_Exercise brief_.
Only the lines from the one containing "Vincent Van Gogh, based" to the end of the data below belong in the answer, each repeated exactly; no pictures.

[Data records]
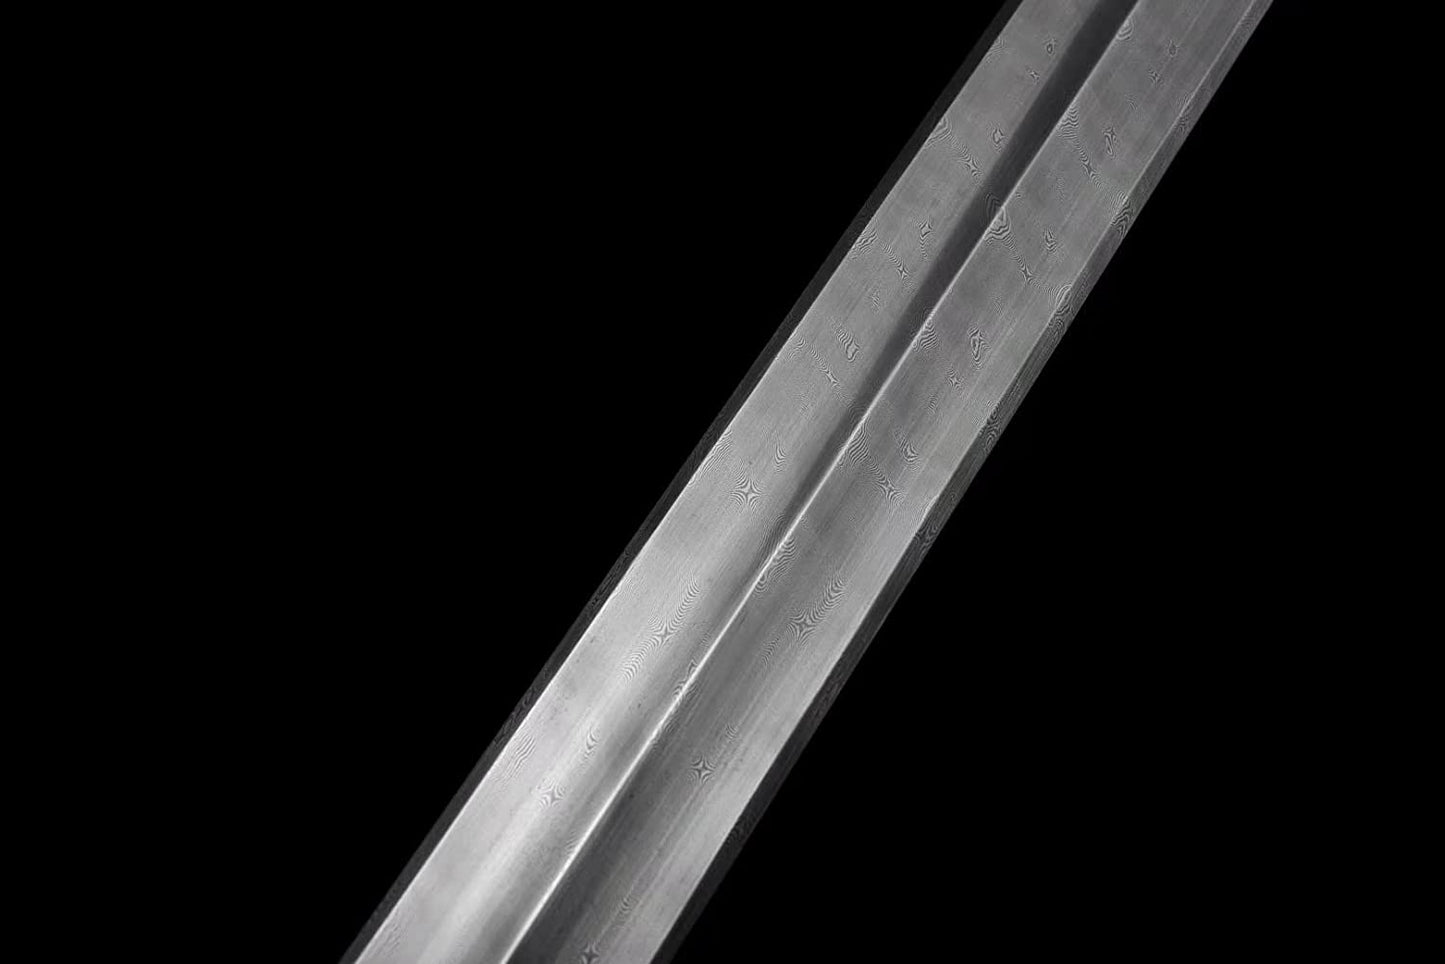 Yongle jian Sword,Hand Forged Damascus Blade,Ebony,Alloy Fittings,Chinese sword
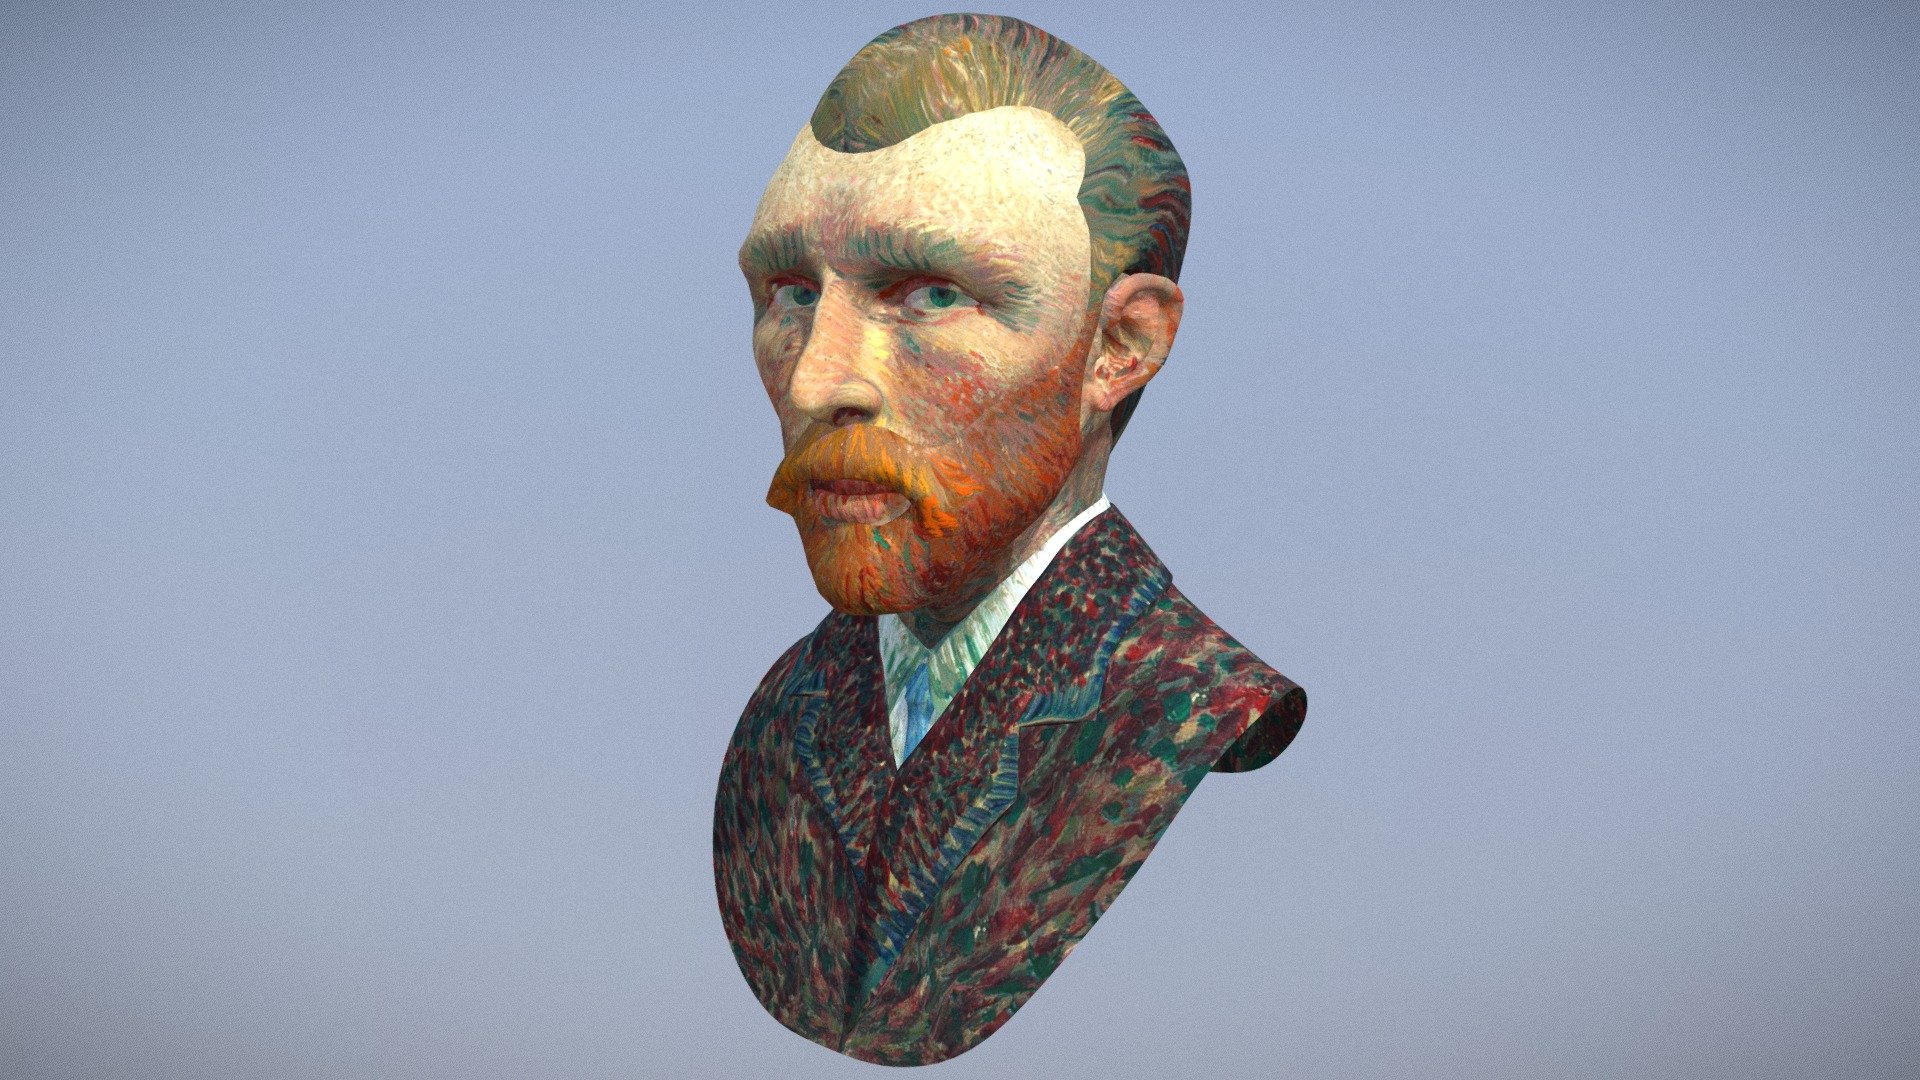 Vincent Van Gogh, based on a self-portrait, and textured using his painting technique. This is my first &lsquo;organic' ever so it was a steep learning curve, currently I've been using Blender for 4 months and it's my first time with 3D software.

I've purposefully made one ear uneven as Vincent had cut off his ear with a razor blade towards the end of his life. I found a doctor's note which details how his ear looked so it's as accurate as I can get it.

It's slightly surreal to experience this portrait in 3D and get a real life-like sense of the man beyond just a single pose.

Hopefully I can get around to modeling more works of art and historical people 3d model
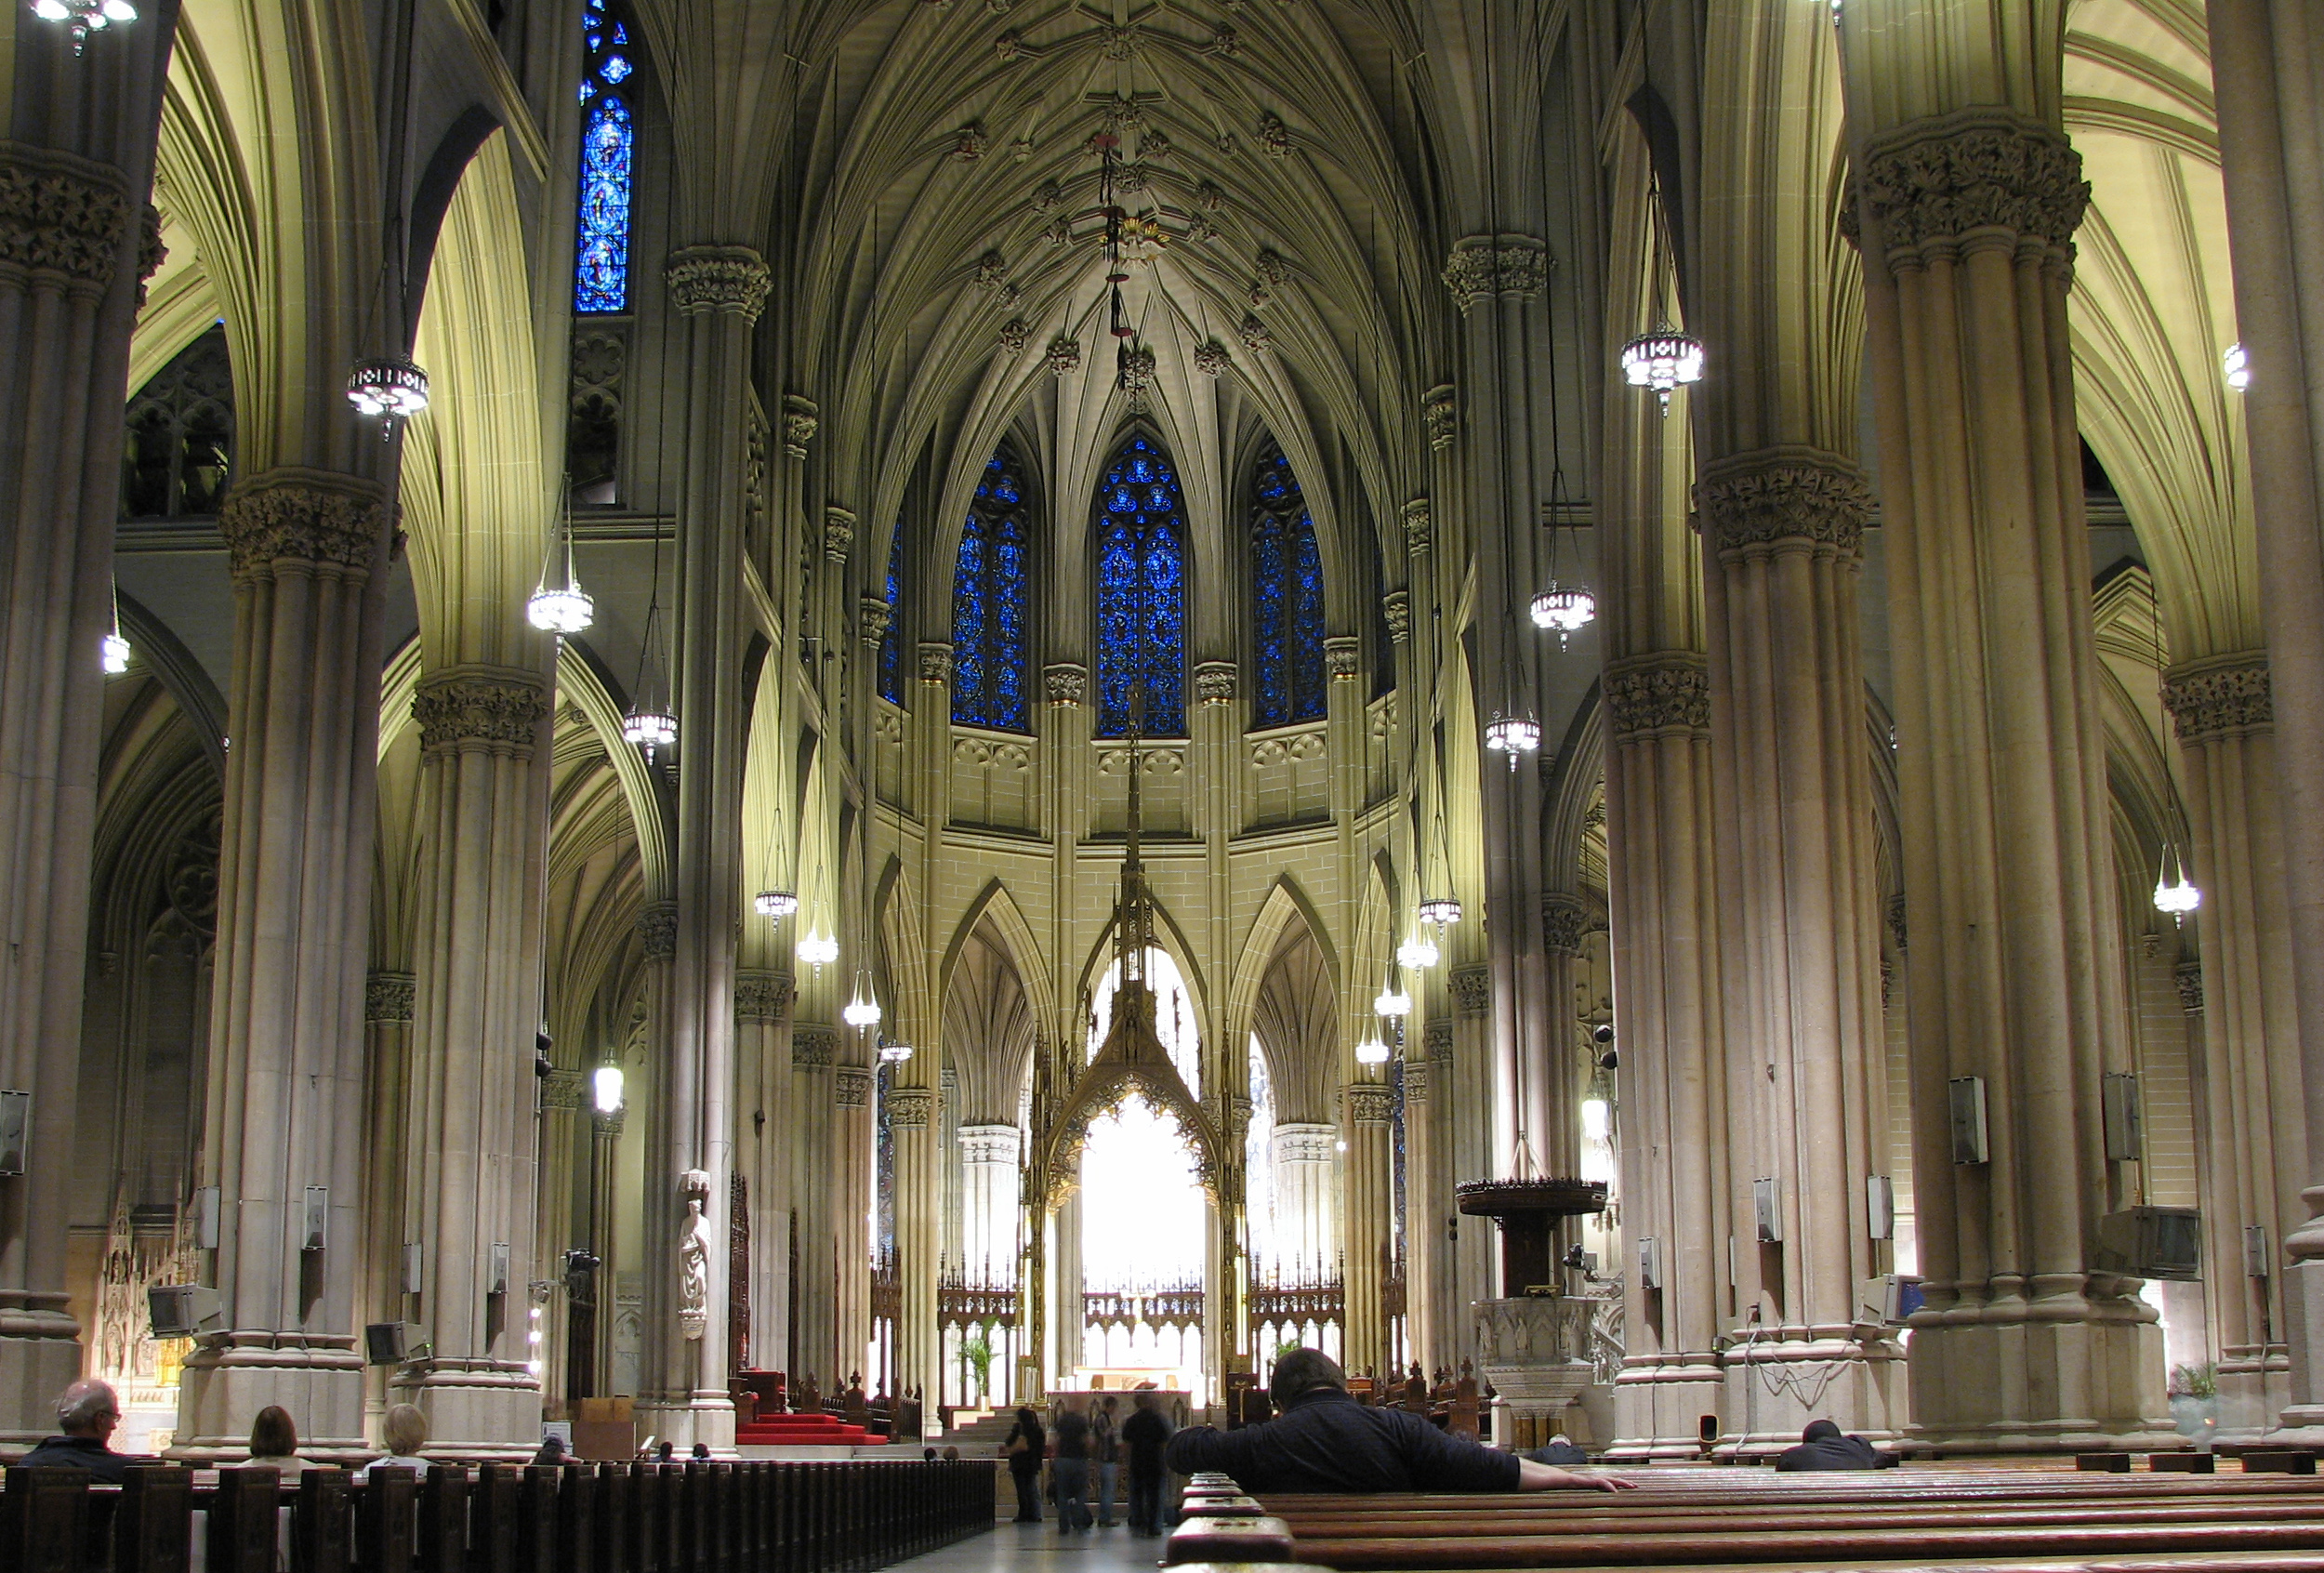 File:St Patrick's cathedral NY.jpg - Wikimedia Commons
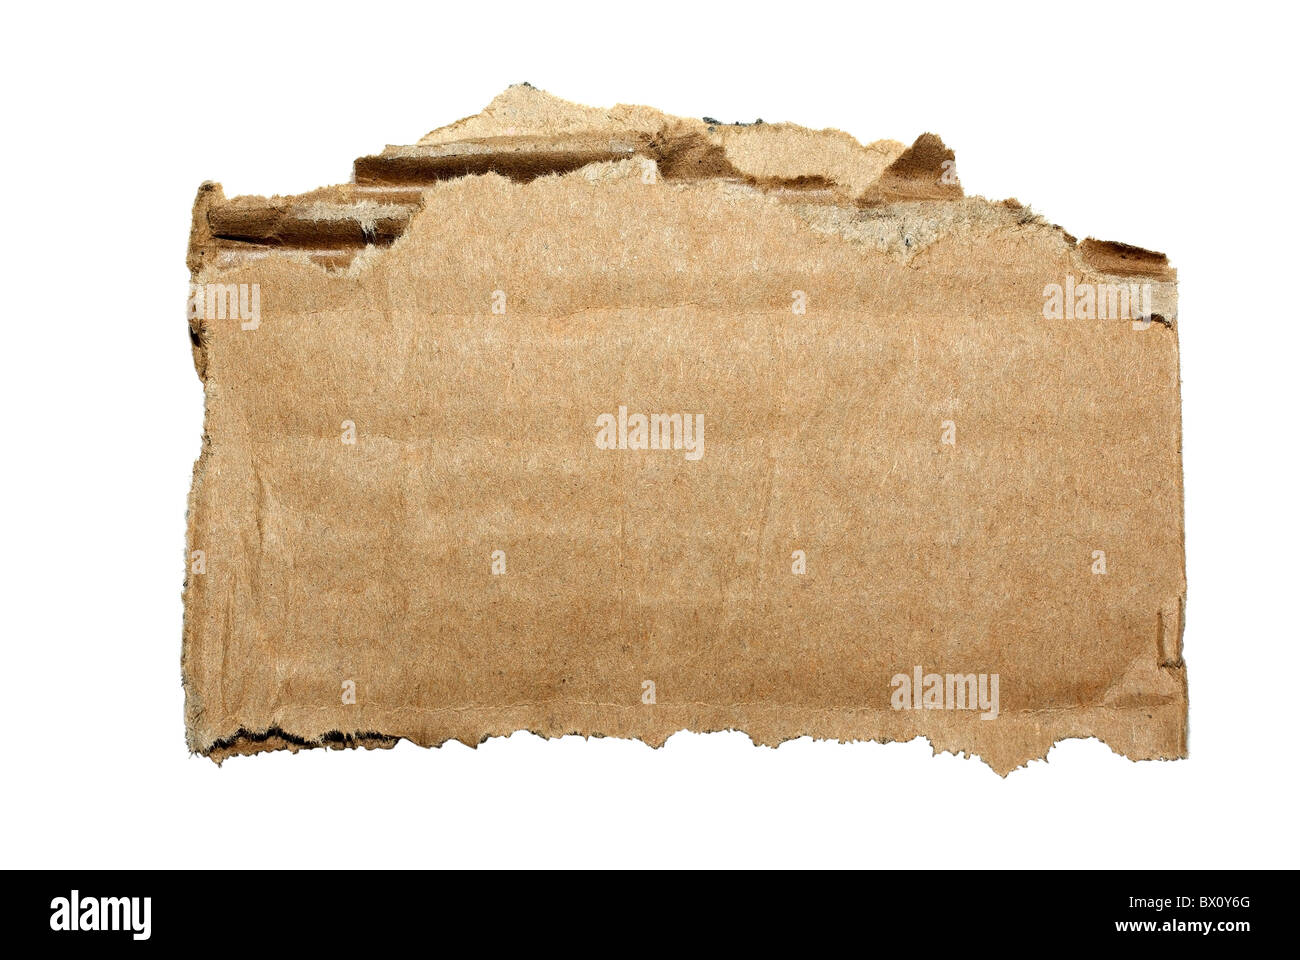 Cardboard part isolated on the white background. Stock Photo

_Expected answer_.
 Vincent Van Gogh, based on a self-portrait, and textured using his painting technique. This is my first &lsquo;organic' ever so it was a steep learning curve, currently I've been using Blender for 4 months and it's my first time with 3D software.

I've purposefully made one ear uneven as Vincent had cut off his ear with a razor blade towards the end of his life. I found a doctor's note which details how his ear looked so it's as accurate as I can get it.

It's slightly surreal to experience this portrait in 3D and get a real life-like sense of the man beyond just a single pose.

Hopefully I can get around to modeling more works of art and historical people 3d model
 File:St Patrick's cathedral NY.jpg - Wikimedia Commons
 Cardboard part isolated on the white background. Stock Photo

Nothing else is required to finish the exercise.